My So-Called FiLife: Mary Pilon

When I was four, my godmother gave me and my big brother piggy banks, with the hopes that between playing with Legos and watching Transformers, we would learn and practice fiscal responsibility. They sat side by side (mine was pink, his was blue) in our living room, staring off into space, gaudily reminding us to feed them with lucre.

Thing was, my brother told me that his blue bank was mine. So for months I eagerly deposited my hard-earned allowance, birthday funds and pennies found on the sidewalk in his bank — gleefully thinking that I was being responsible when, in fact, I was funding my brother’s Pepsi addiction. This continued for several months until my mom spotted me skipping to the blue bank to insert my latest room-cleaning funds. My mother calmly explained how my brother rooked me out of months of cash and to this day, we all joke that my brother owes me back payments-with interest.

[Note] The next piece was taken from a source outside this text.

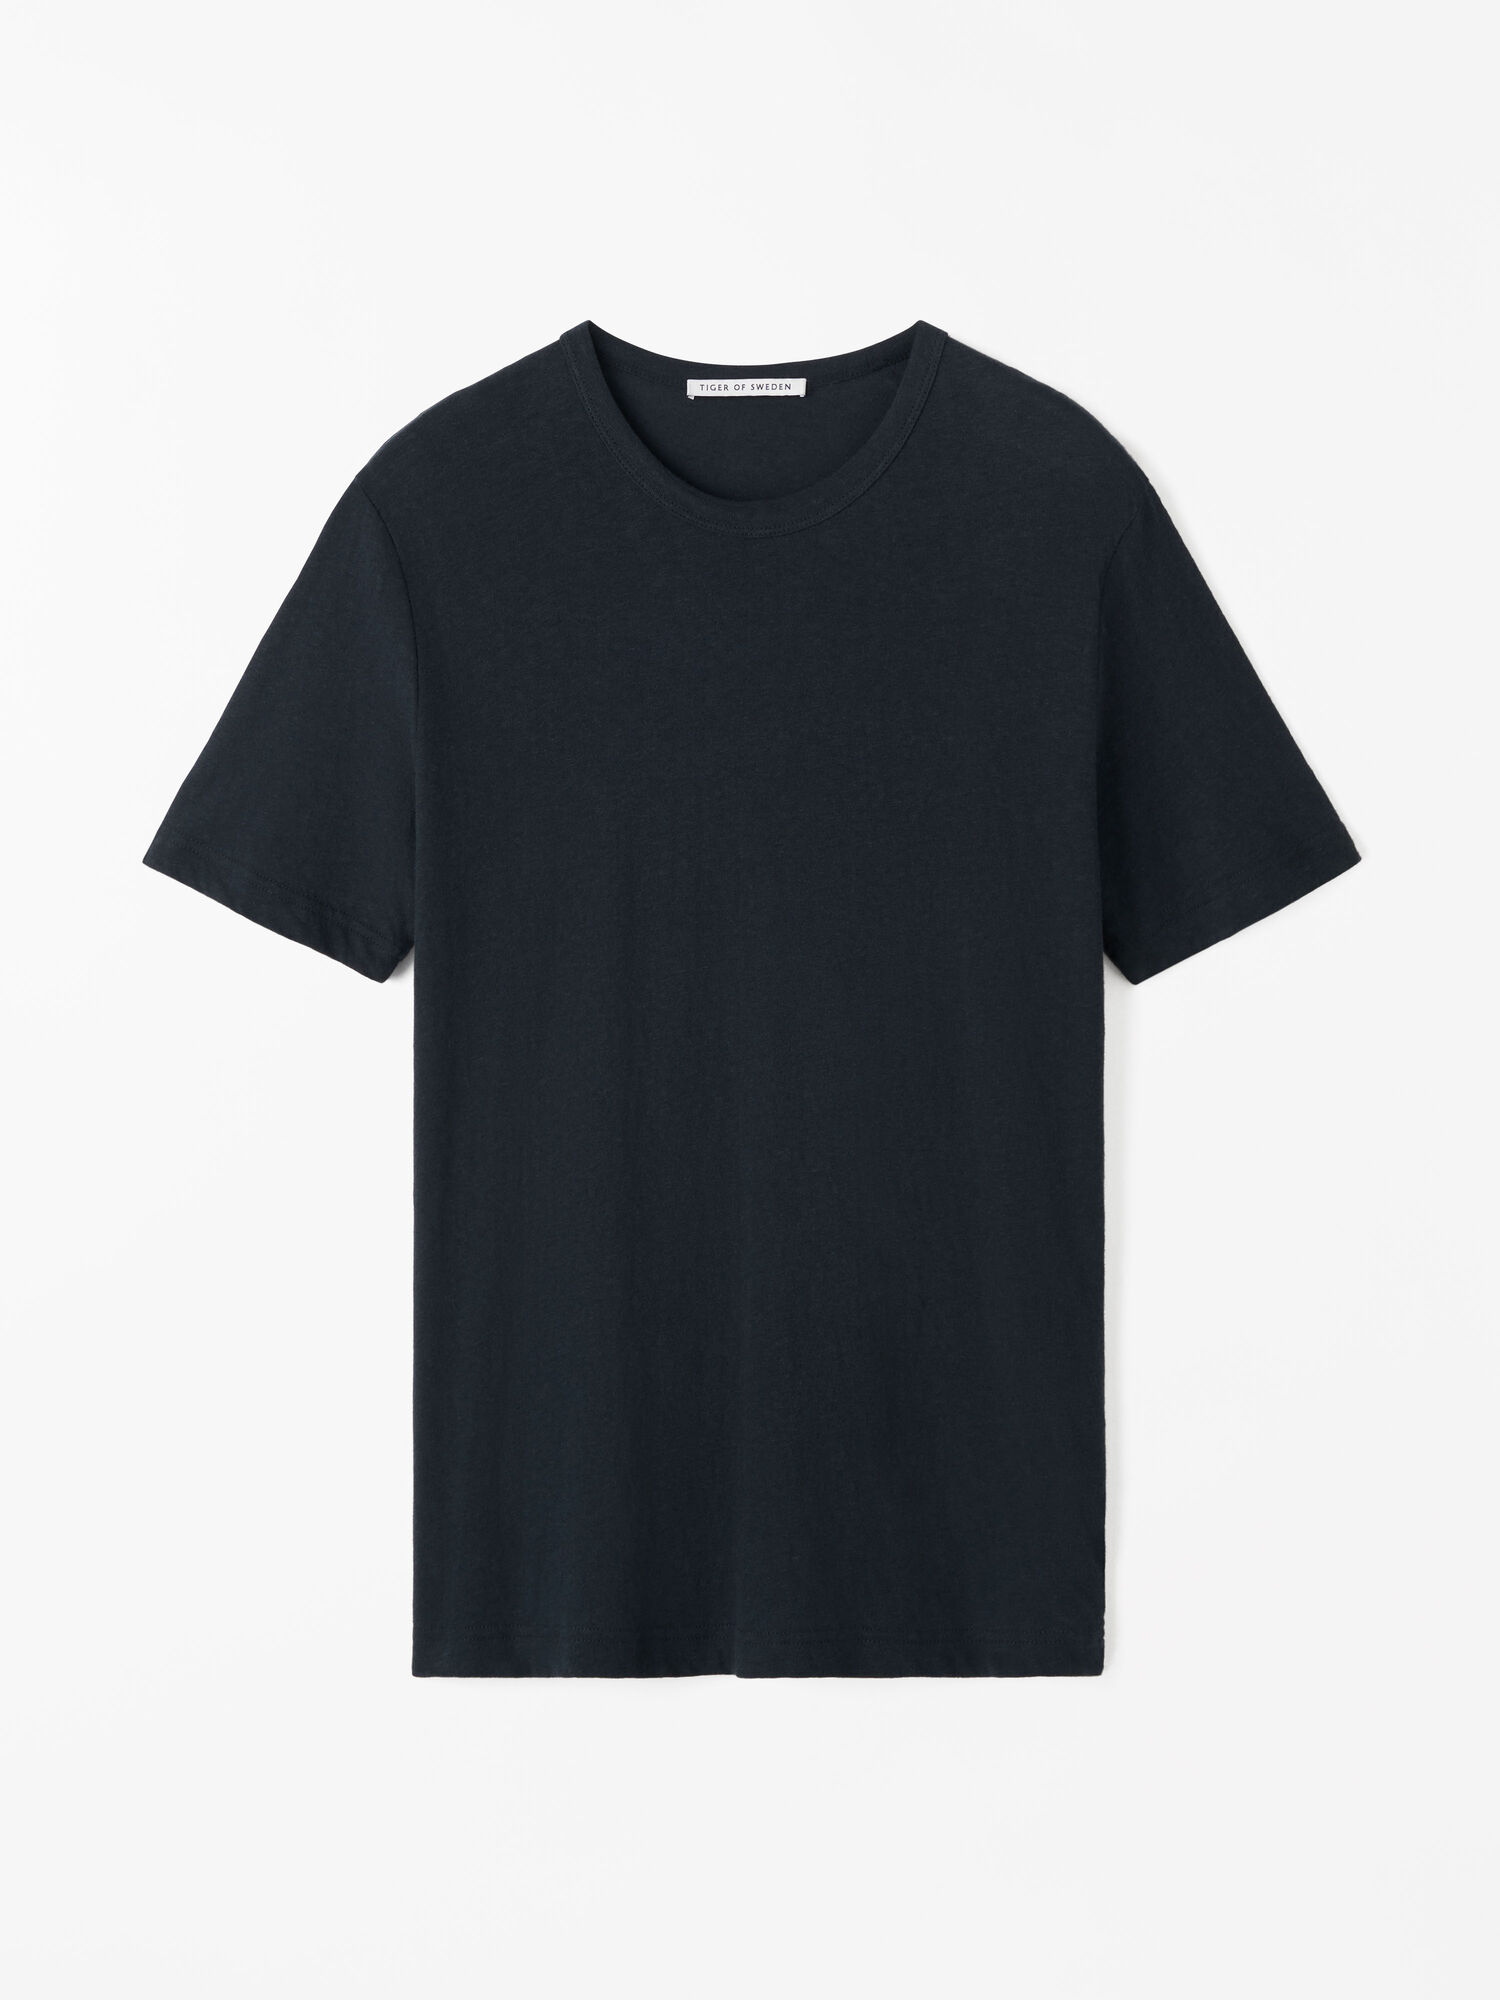 Olaf T-Shirt

Perhaps as a result of getting ripped-off as a wee cherub, I’ve been paranoid about my money ever since. I’ve never had any credit-card debt, I stash away savings regularly, and I’ve written countless scholarship essays to fund my education. I listen with rage as my friends tell me about their ballooning debt, I clench my fists on the phone with financial-aid officers and I shudder when shoes I bought at full price go on sale the next day.

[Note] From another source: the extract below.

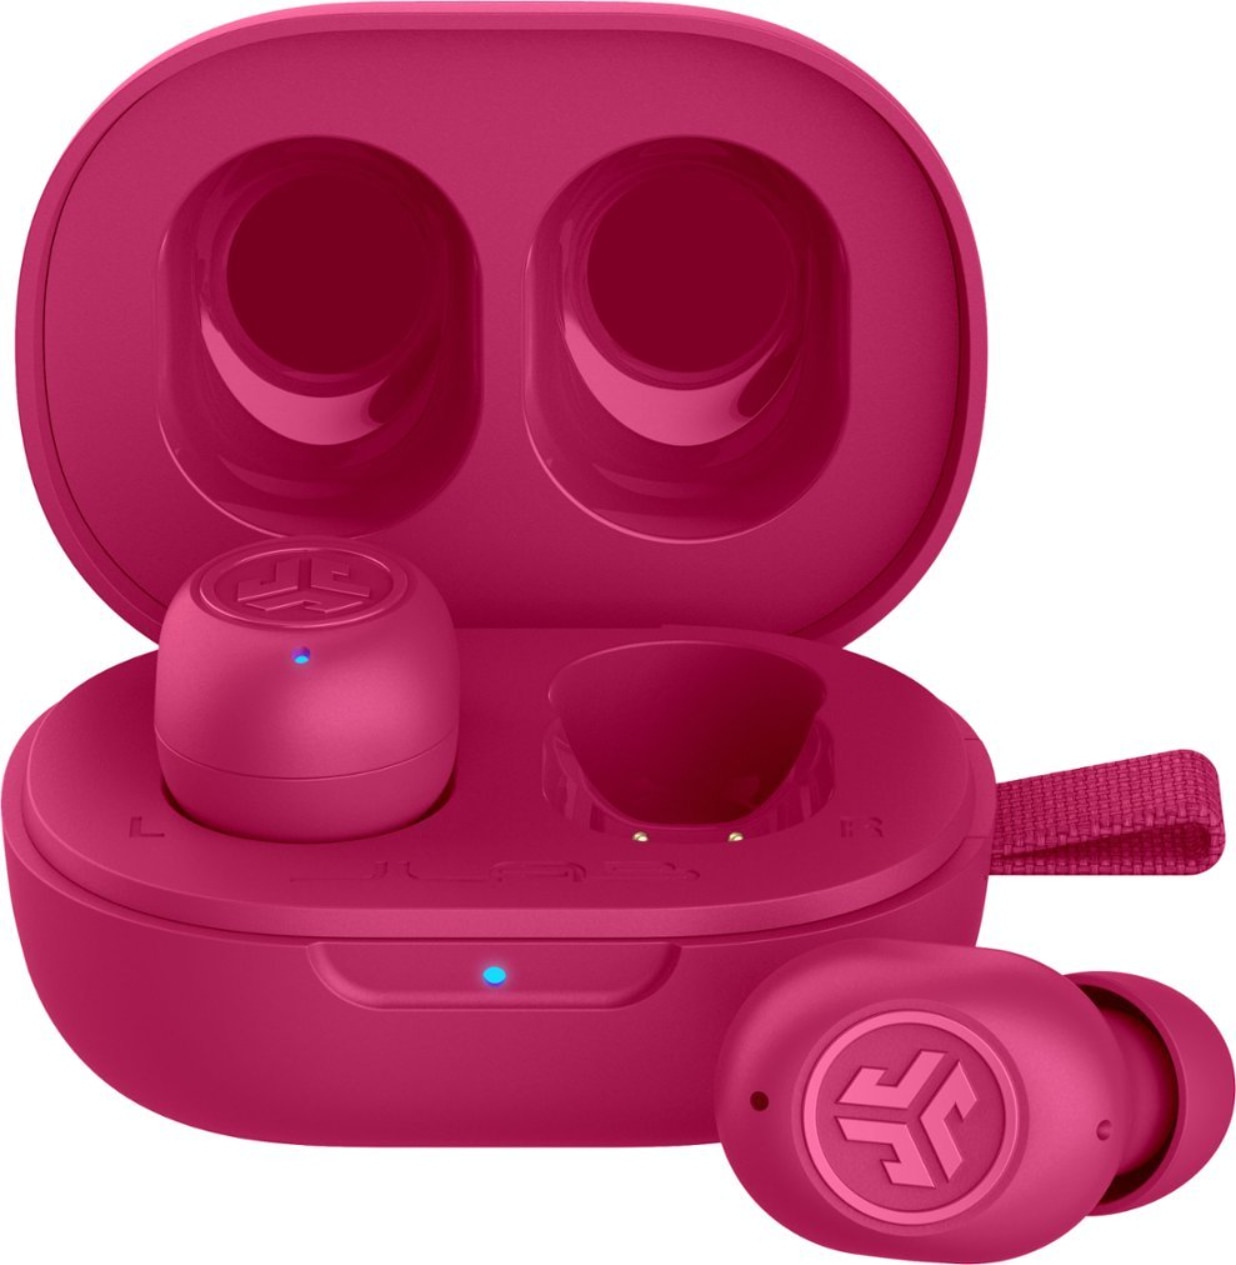 JLab JBuds Mini True Wireless Earbuds- Pink

I now report live from the trenches of college. I’m a senior studying journalism and politics (two fields that foster my youngest-child obsession with fairness), and I regularly fight the battles of tuition hikes, inflated textbook prices and the rising cost of a slice of pizza. I’m fairly new to the personal finance beat (I’m used to writing about robotics and wine more than annuities, 401(k) plans and all the other gobbledygook out there), and as much as I occasionally relish reading the works of personal-finance crustwads, most of my money-related issues involve wrinkled dollar bills, post-it notes and credit cards loosely roaming around my purse. Sometimes, when I see my various e-statements all nice and neat (through no effort of my own, of course) on my laptop’s screen, I think I have my crap together. I don’t.

So here I am: less vulnerable than when I was four, but on a feisty crusade to ensure that my frequently manipulated demographic doesn’t unknowingly put their money in the wrong piggy bank. As for my brother? Well, he’s now fighting a raging battle with credit-card debt and loan payments. So there.